In light-emitting device 1, in order to efficiently transmit light L1 from light source 2 without being output to the outside of waveguide structure 5, light L1 from light source 2 may be totally reflected at a boundary surface between exterior part 4 and surrounding air, that is, outer surface 43 of exterior part 4. Thus, in light-emitting device 1, light L1 is incident on light receiving surface 51 such that light L1 propagates through the inside of exterior part 4 while being totally reflected by outer surface 43.

In the present exemplary embodiment, light-emitting device 1 includes convergence optical system 6 that causes light L1 to be incident on light receiving surface 51 between light source 2 and waveguide structure 5.

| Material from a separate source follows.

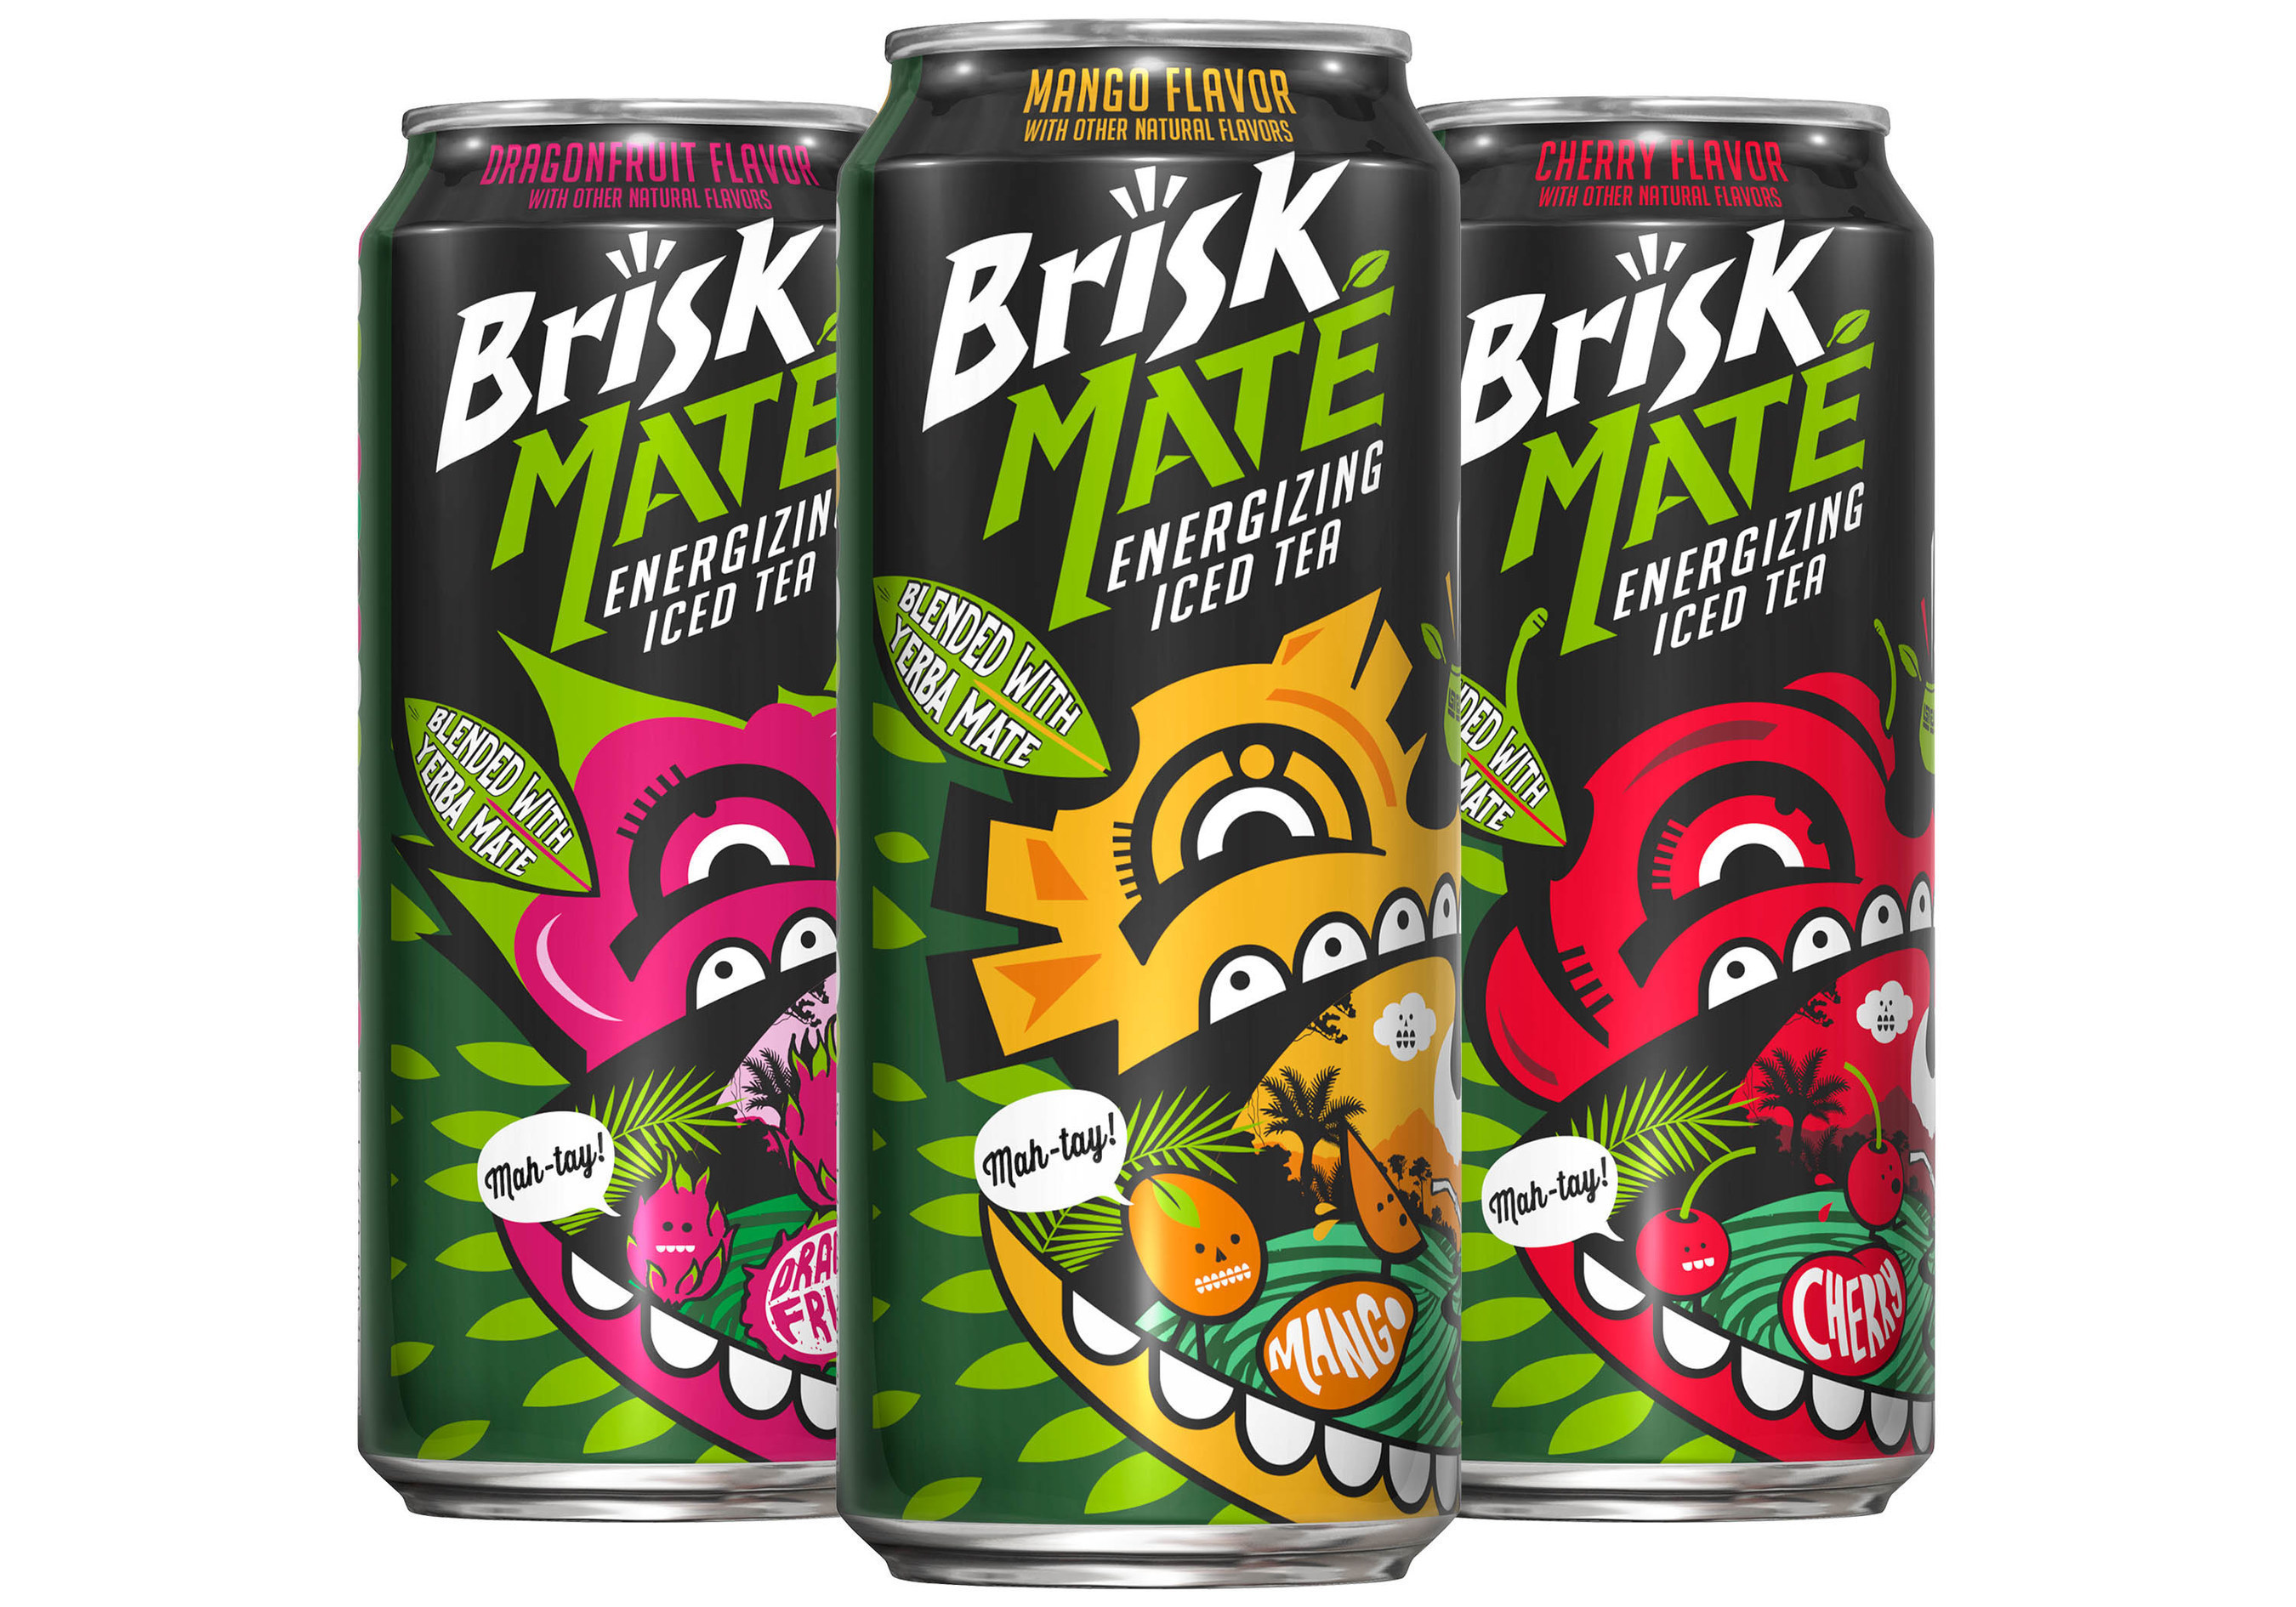 Brisk(R) Iced Tea Introduces Brisk Mate -- Iced Tea Blended with South American Yerba Mate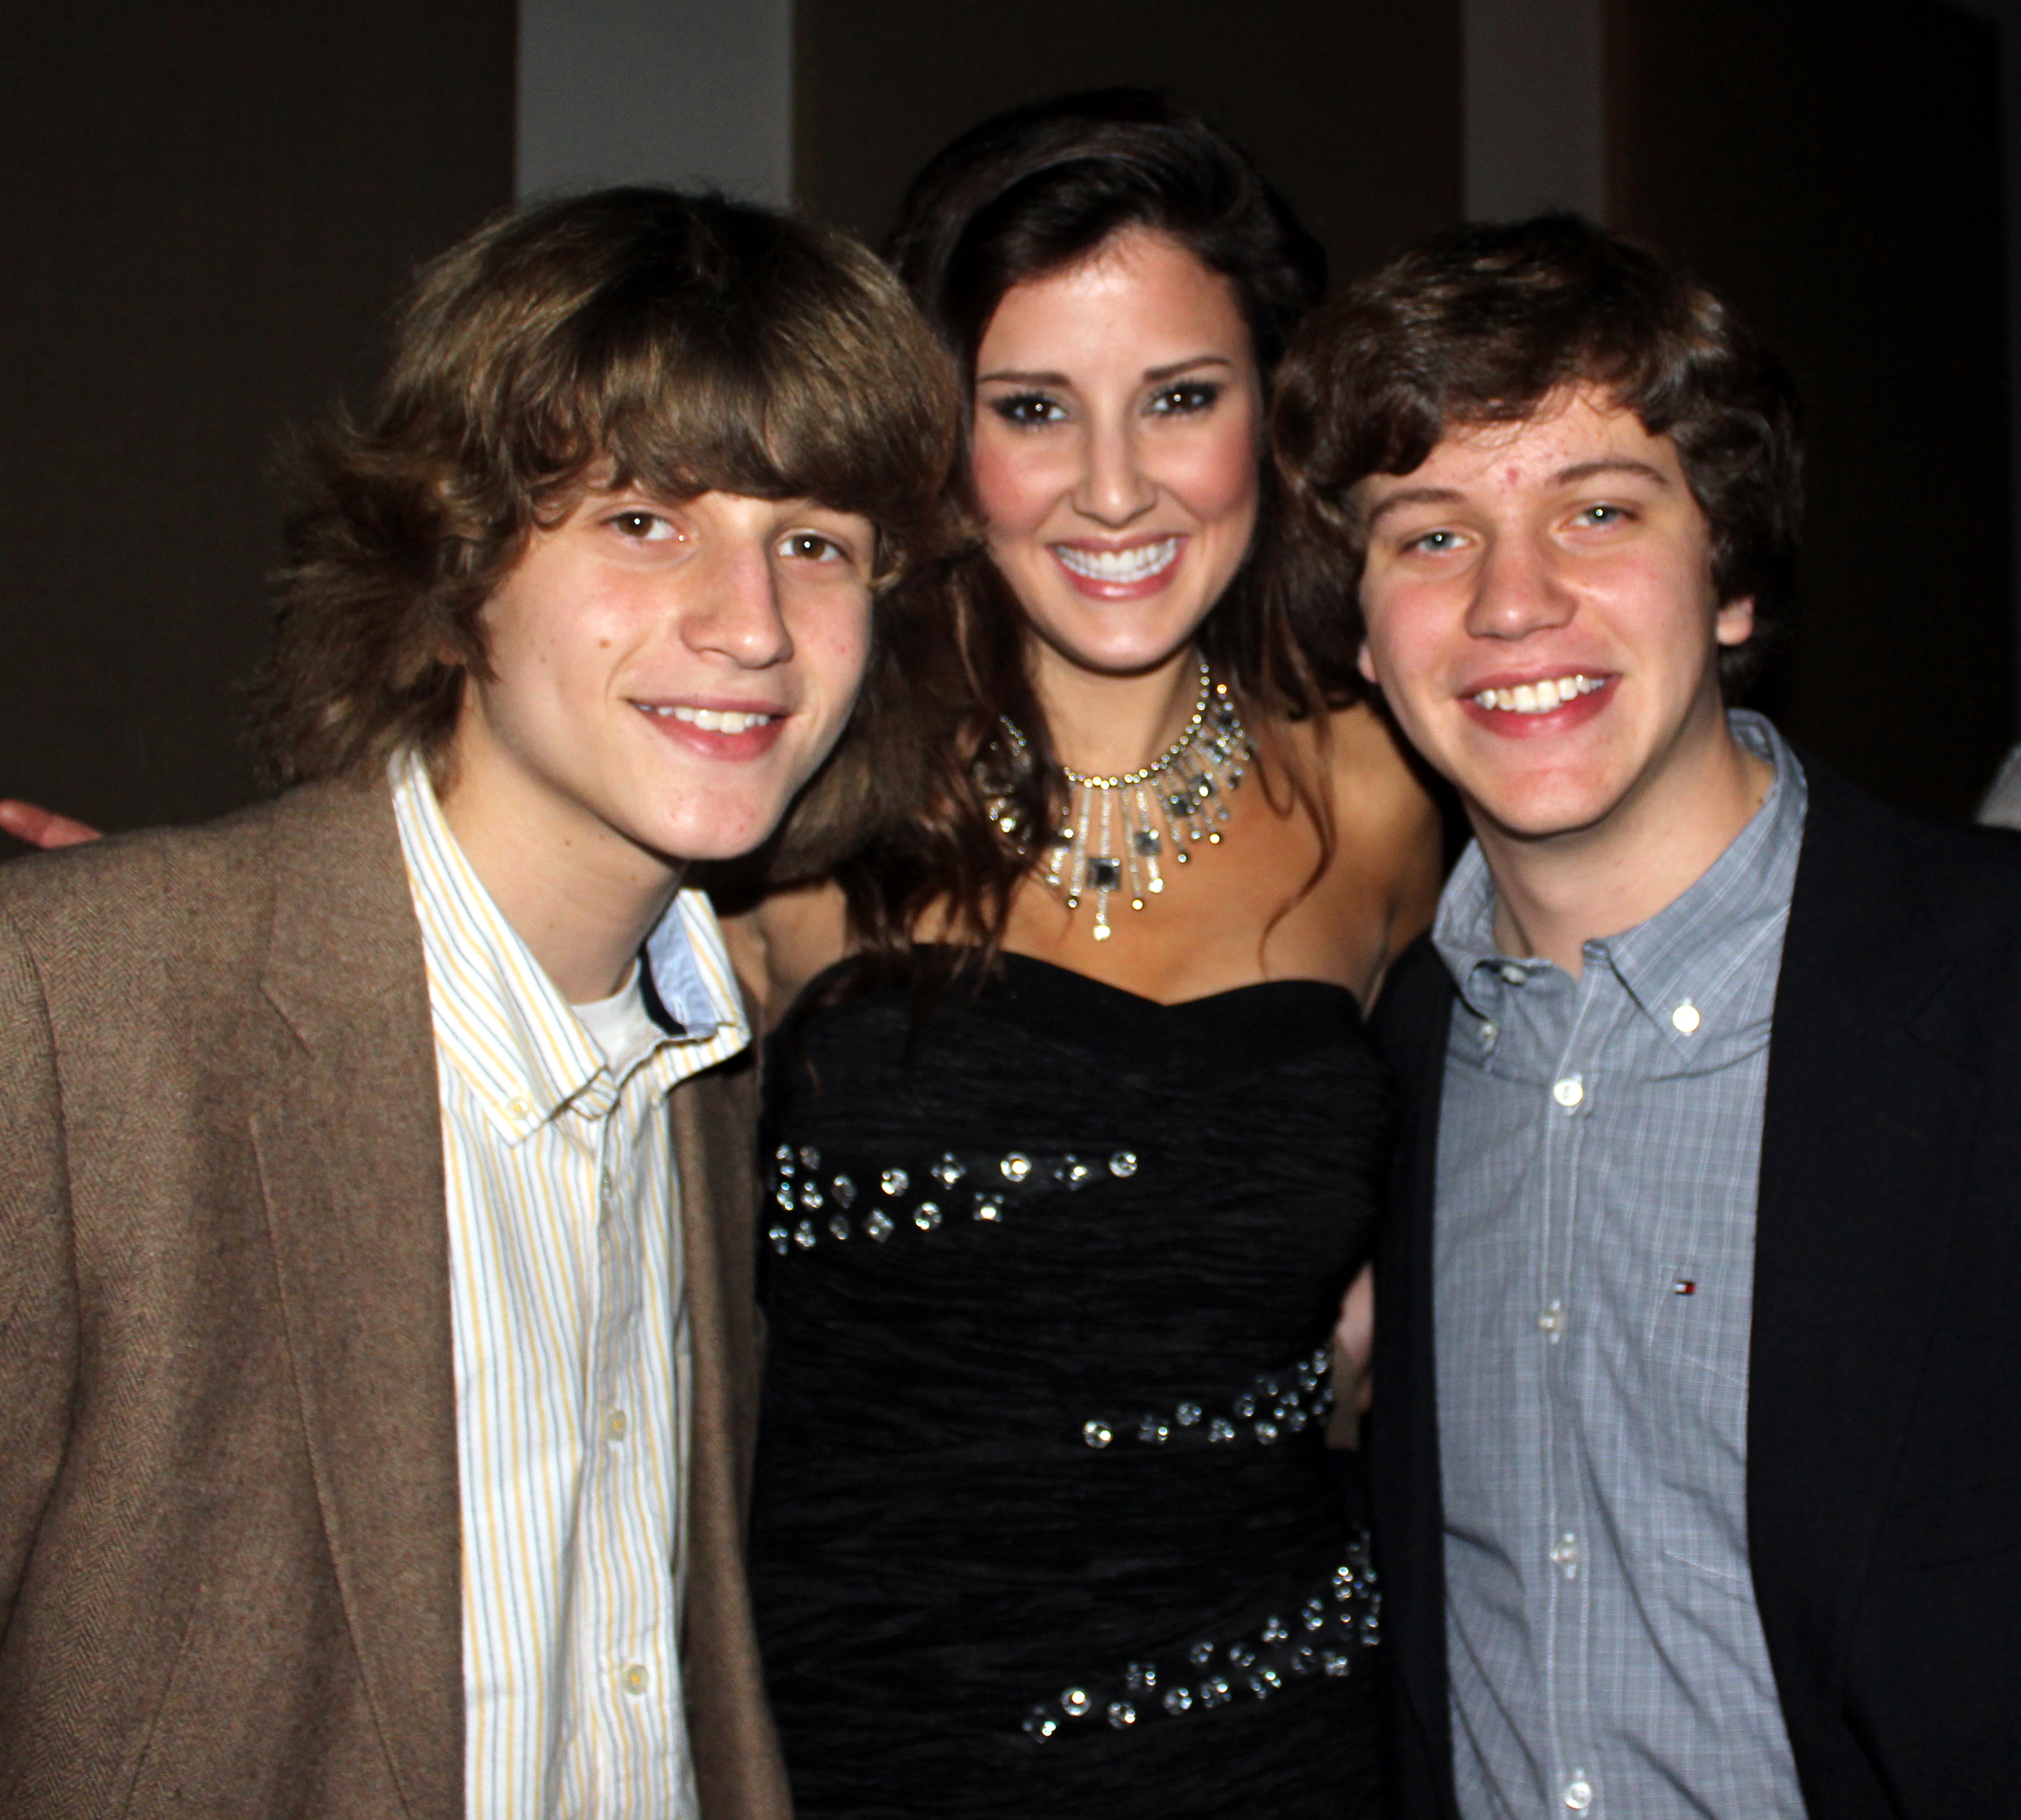 Andrew Williams and Ryan Williams with Zoe Myers at the premiere of her new music video,

Convergence optical system 6 of FIG. 1 causes light L1 to be incident on light receiving surface 51 between light source 2 and waveguide structure 5. Convergence optical system 6 includes, for example, a collimator lens and a condenser lens. The collimator lens and the condenser lens are on optical axis A1 of light L1, and light L1 from light source 2 passes through the collimator lens and the condenser lens in this order and is incident on waveguide structure 5. Light L1 becomes parallel light by the collimator lens and is converged by the condenser lens.

An angle of an outer edge of light L1 with respect to optical axis A1 within a predetermined surface passing through optical axis A1 of light L1 is θ[°], a refractive index of the exterior part is n, and a refractive index of air is n0. In this case, a critical angle on outer surface 43 of exterior part 4 is given by n×sin (90°−θ)=n×sin 90°. When refractive index n0 of the air is set to 1, in order for light L1 from light source 2 to be totally reflected by outer surface 43 of exterior part 4, θ may satisfy the following Expression (1).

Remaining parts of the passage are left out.